══ Input data

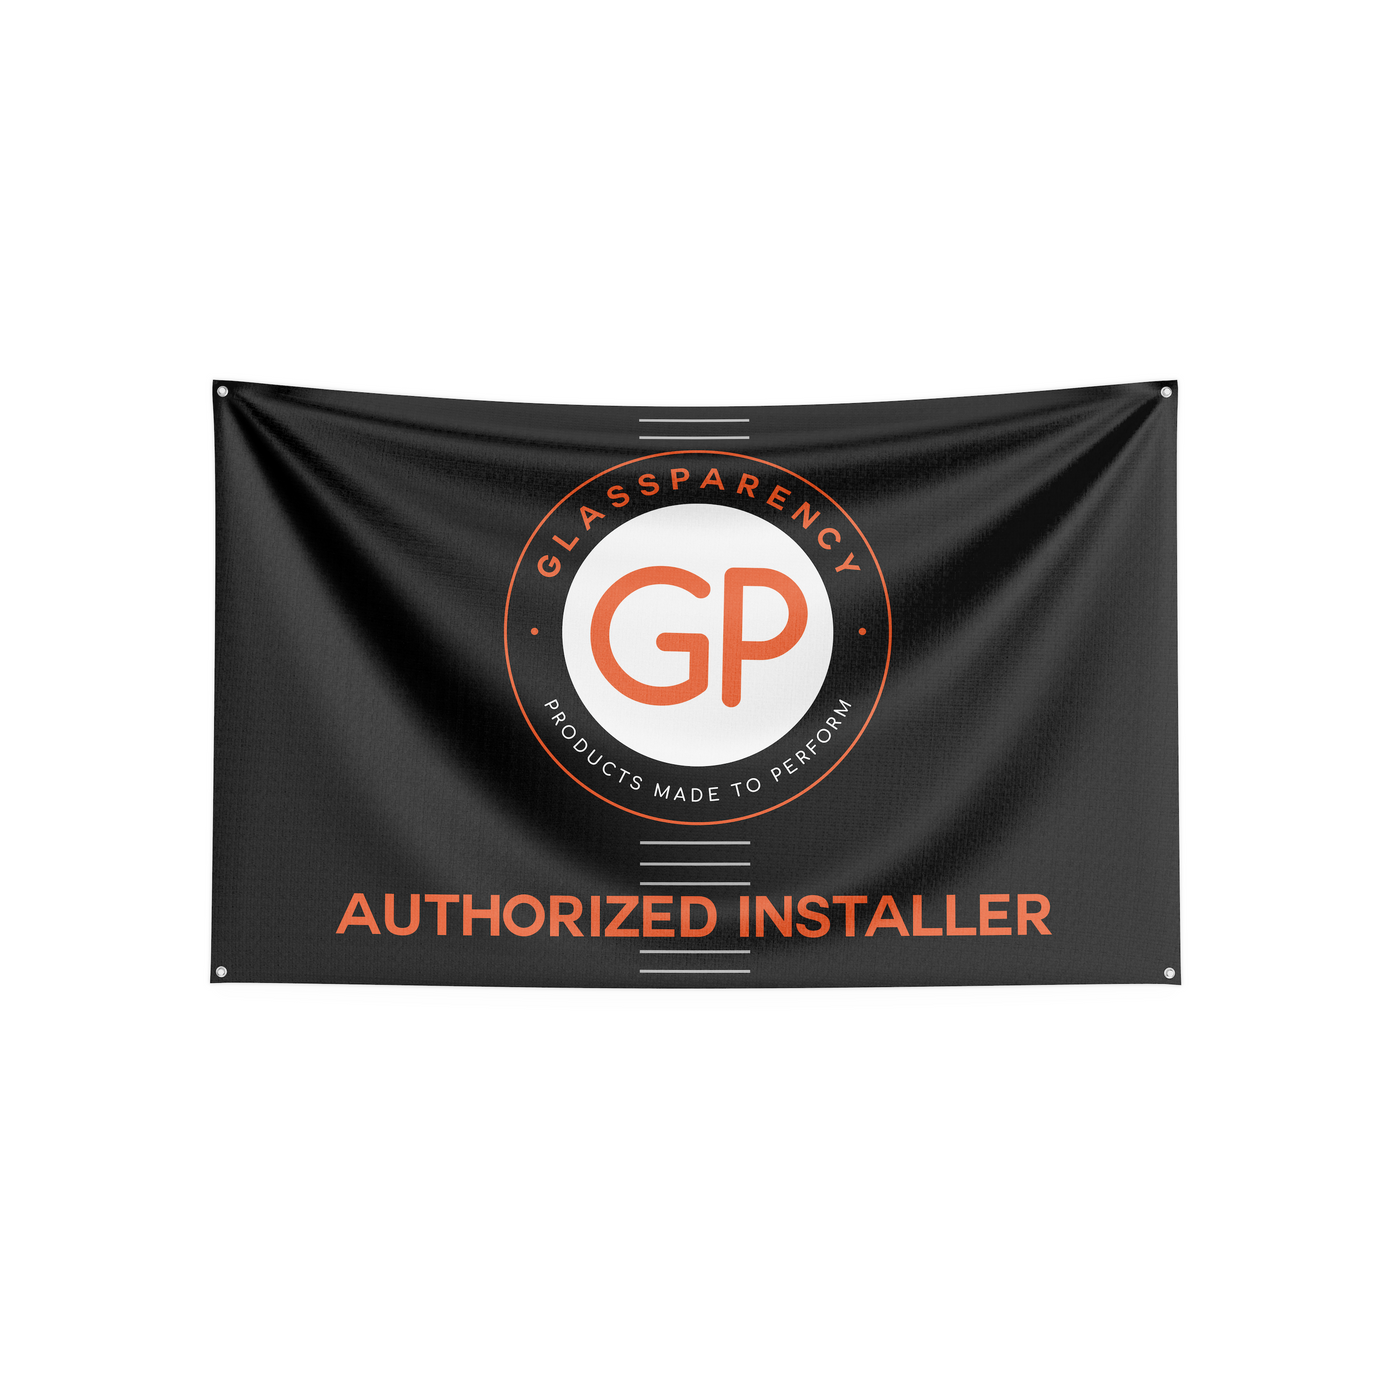 GlassParency Authorized Installer Banner
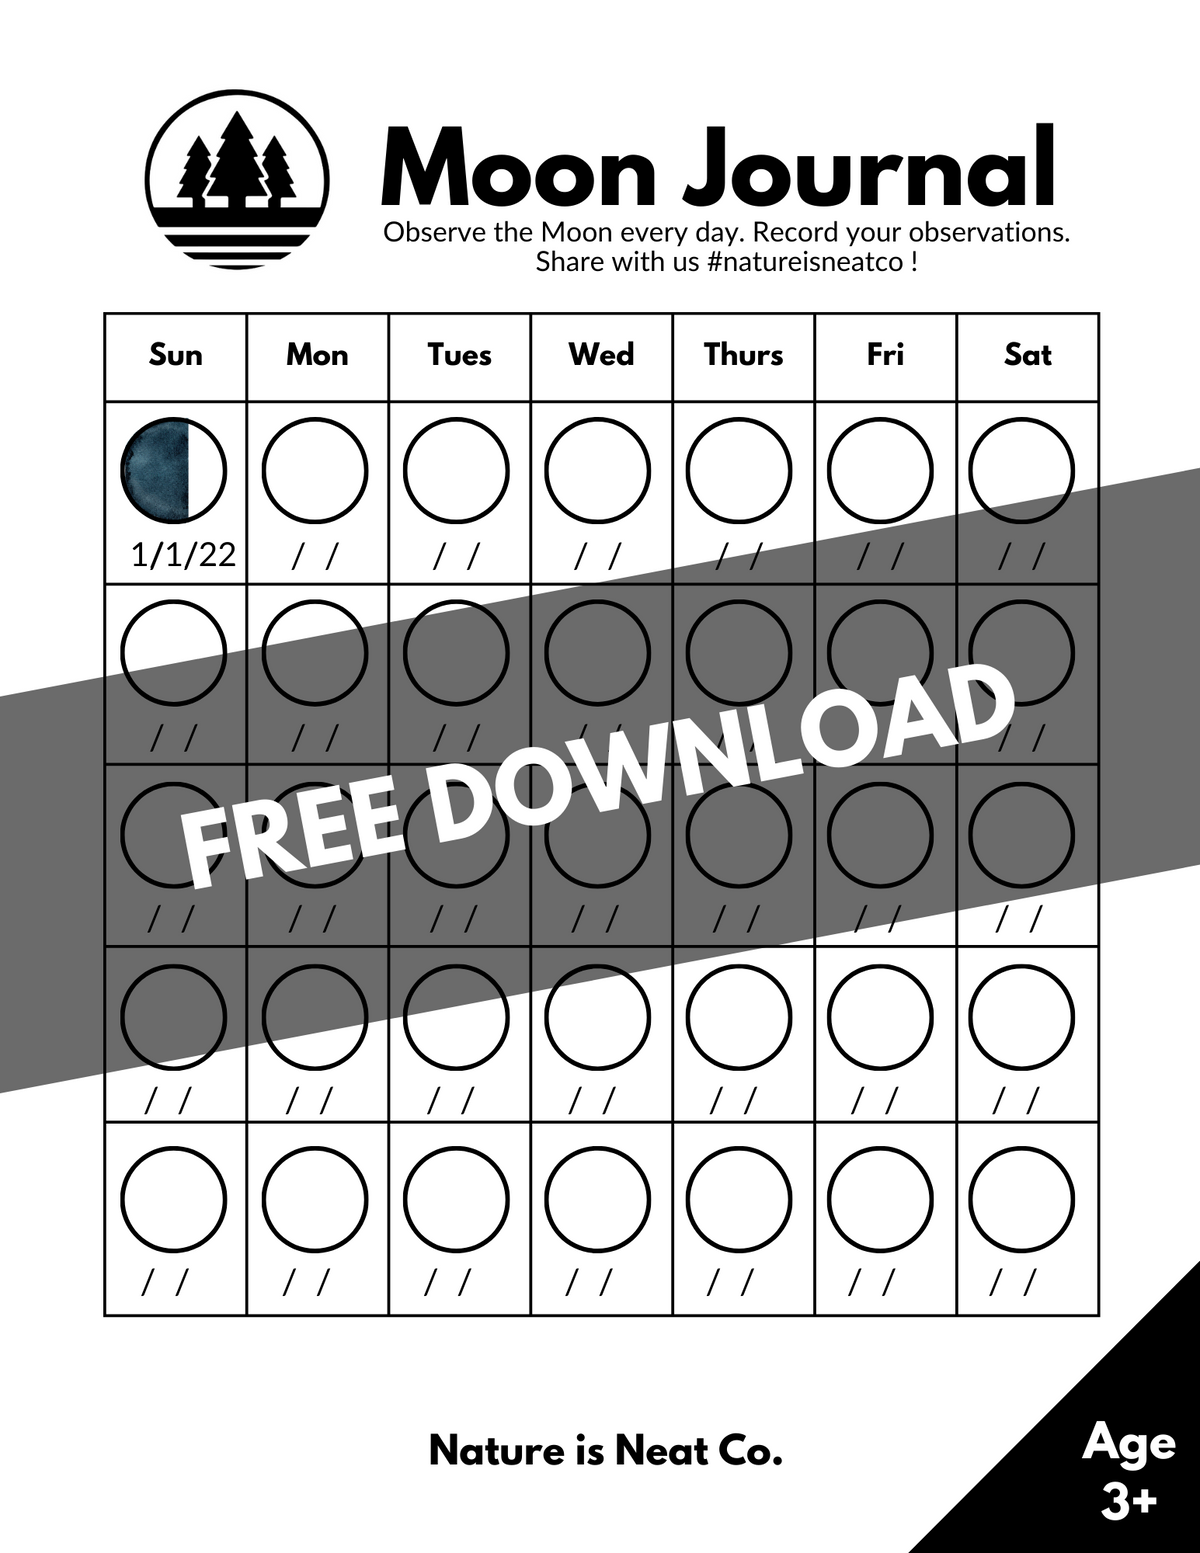 FREE: Moon Journal
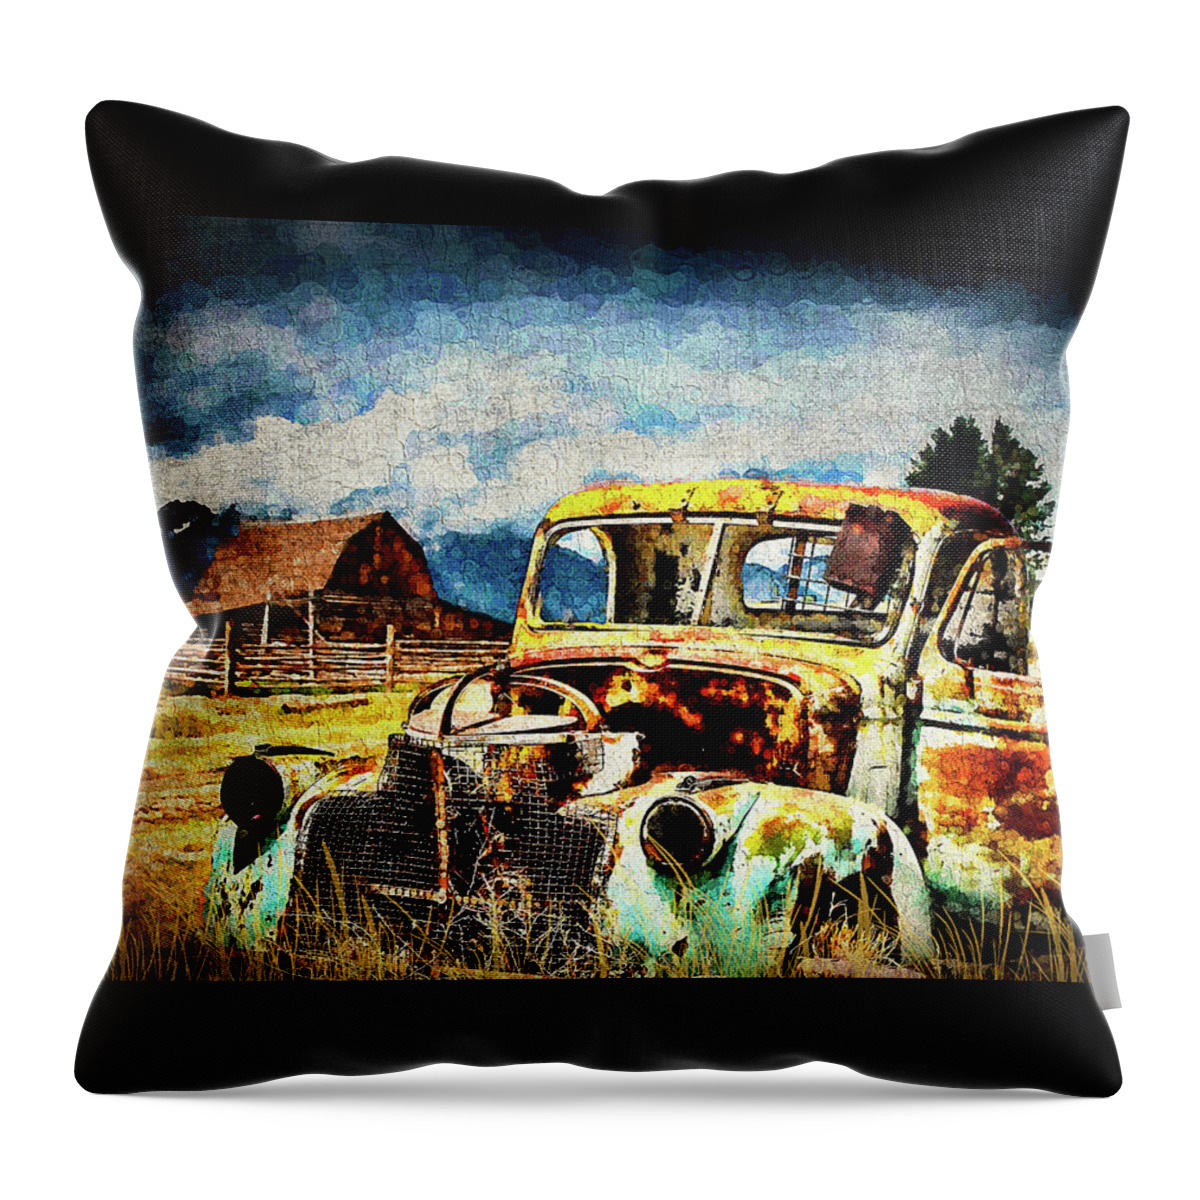 Truck Throw Pillow featuring the digital art Vintage by Mark Allen
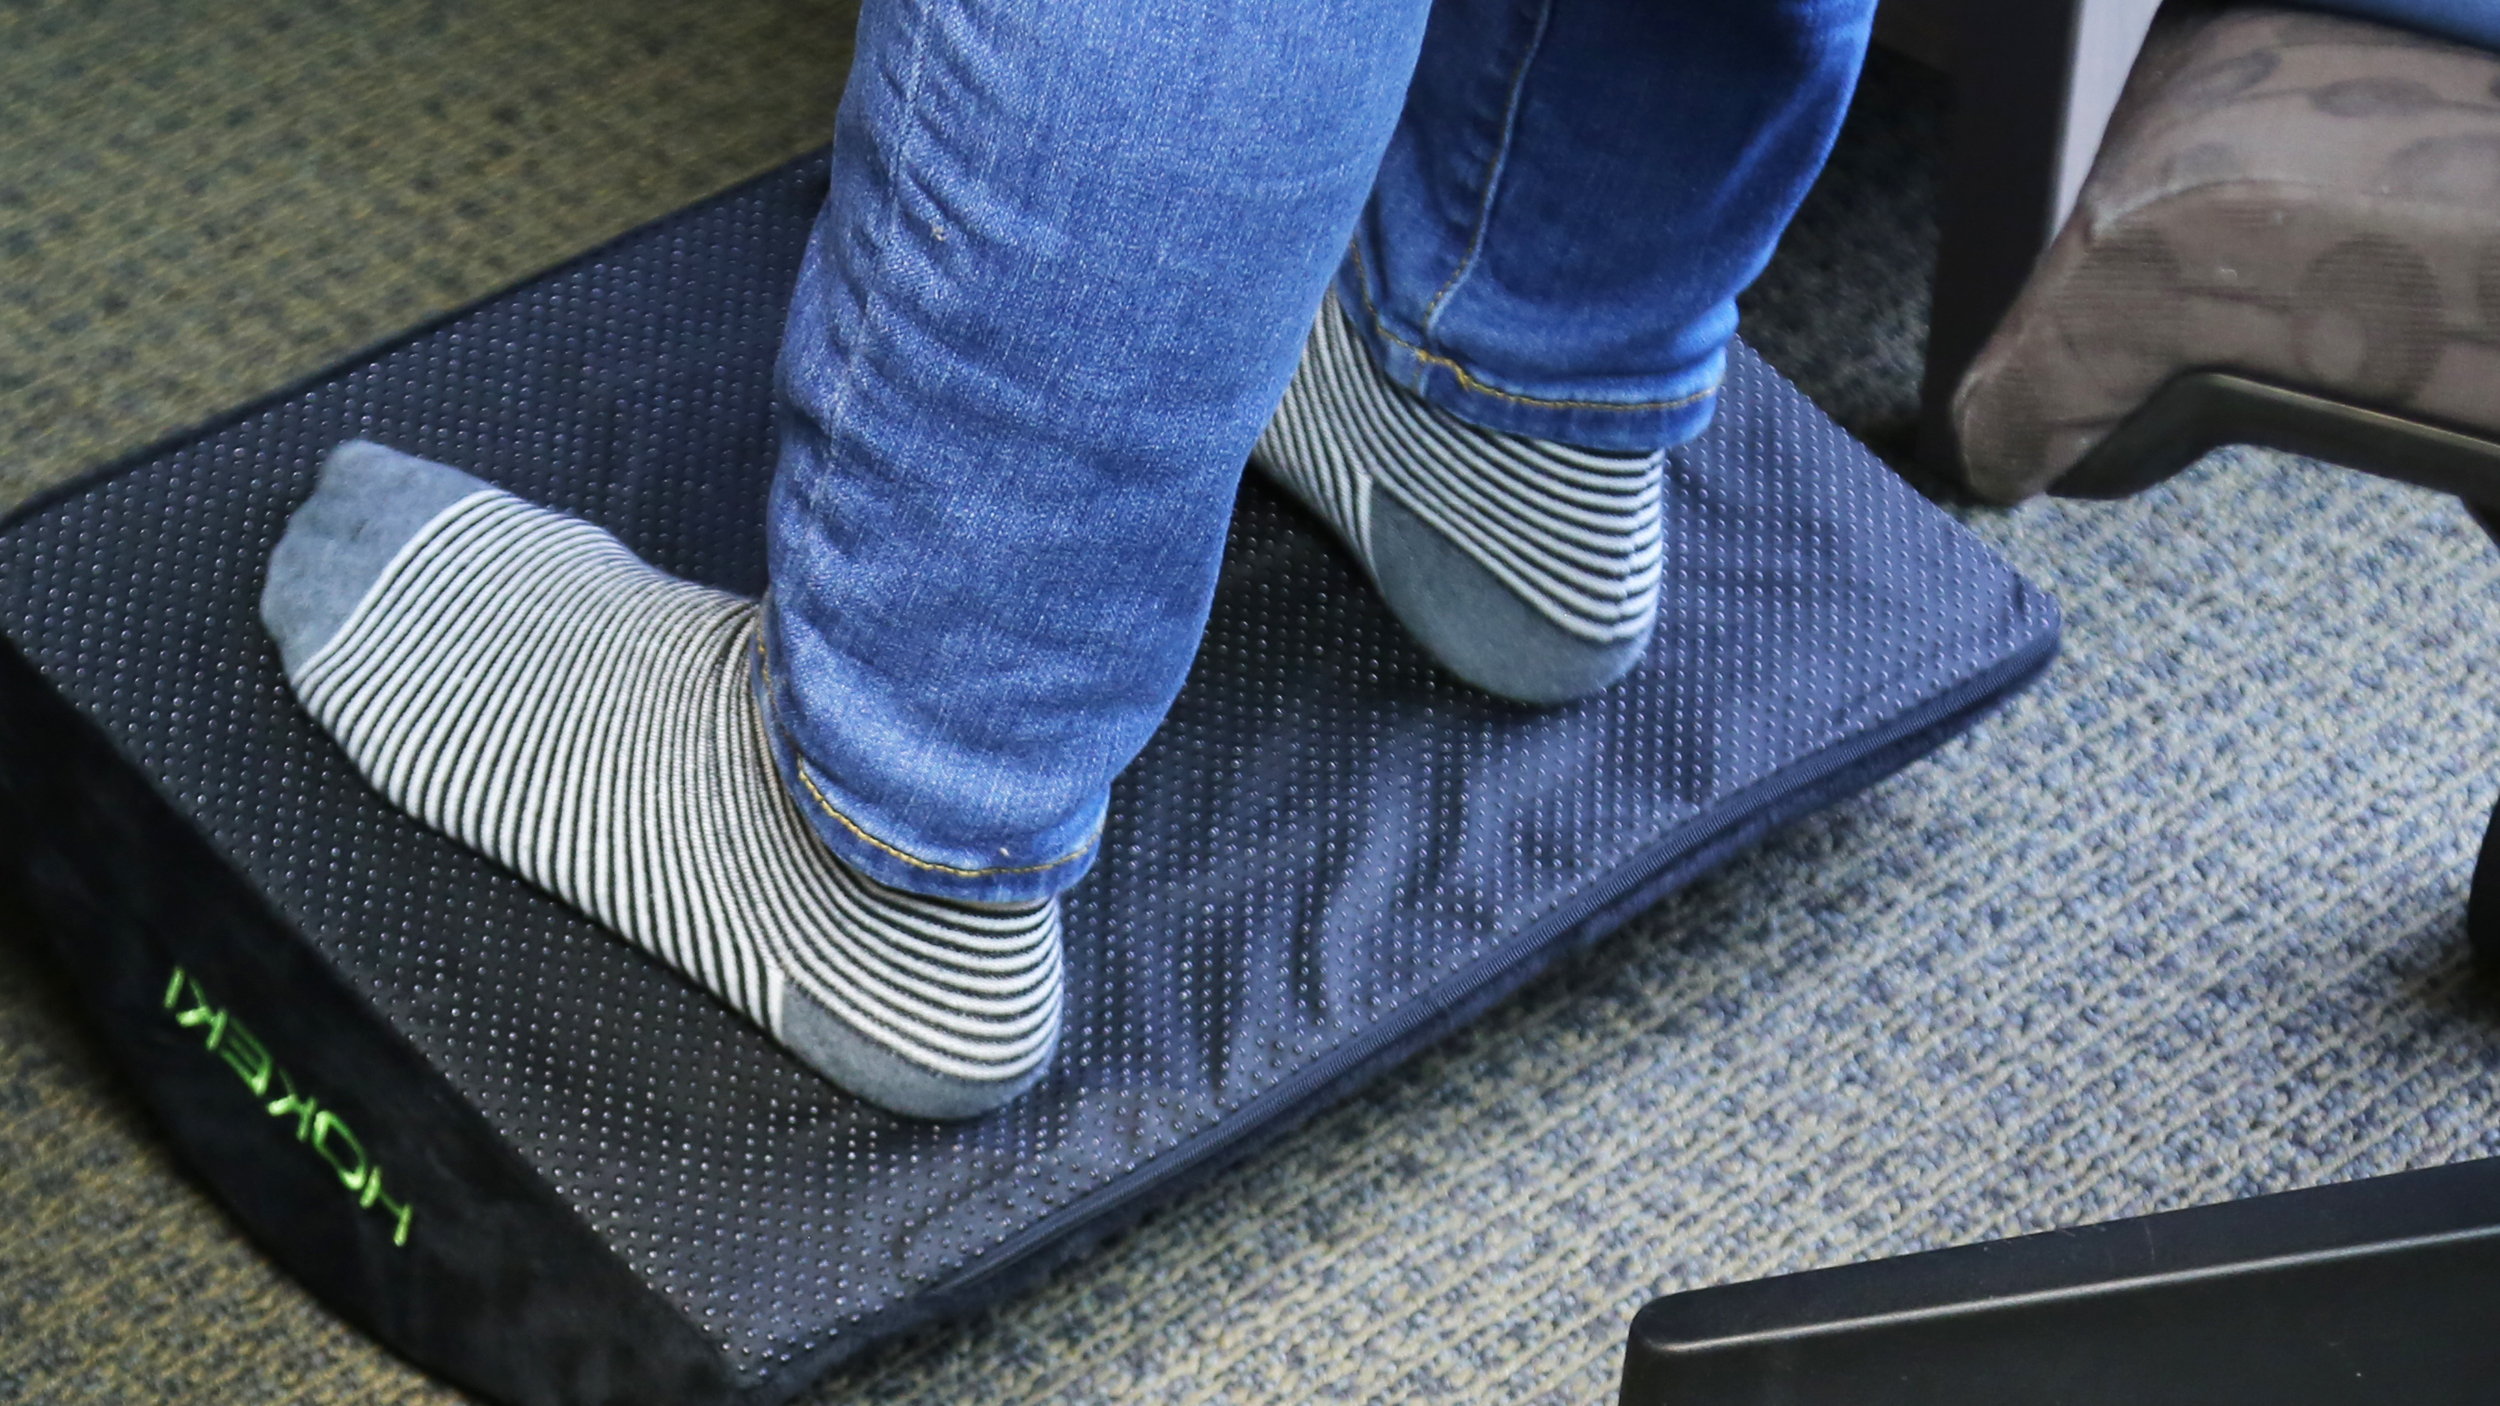 https://www.dontwasteyourmoney.com/wp-content/uploads/2020/09/under-desk-footrest-hokeki-foam-non-slip-under-desk-footrest-pillow-sitting-upside-down-review-ub-1.jpg

════

-- Exercise --
Retype the listing exactly. Leave the pictures out.

-- Expected answer --
 GlassParency Authorized Installer Banner
 FREE: Moon Journal
 Truck Throw Pillow featuring the digital art Vintage by Mark Allen
 https://www.dontwasteyourmoney.com/wp-content/uploads/2020/09/under-desk-footrest-hokeki-foam-non-slip-under-desk-footrest-pillow-sitting-upside-down-review-ub-1.jpg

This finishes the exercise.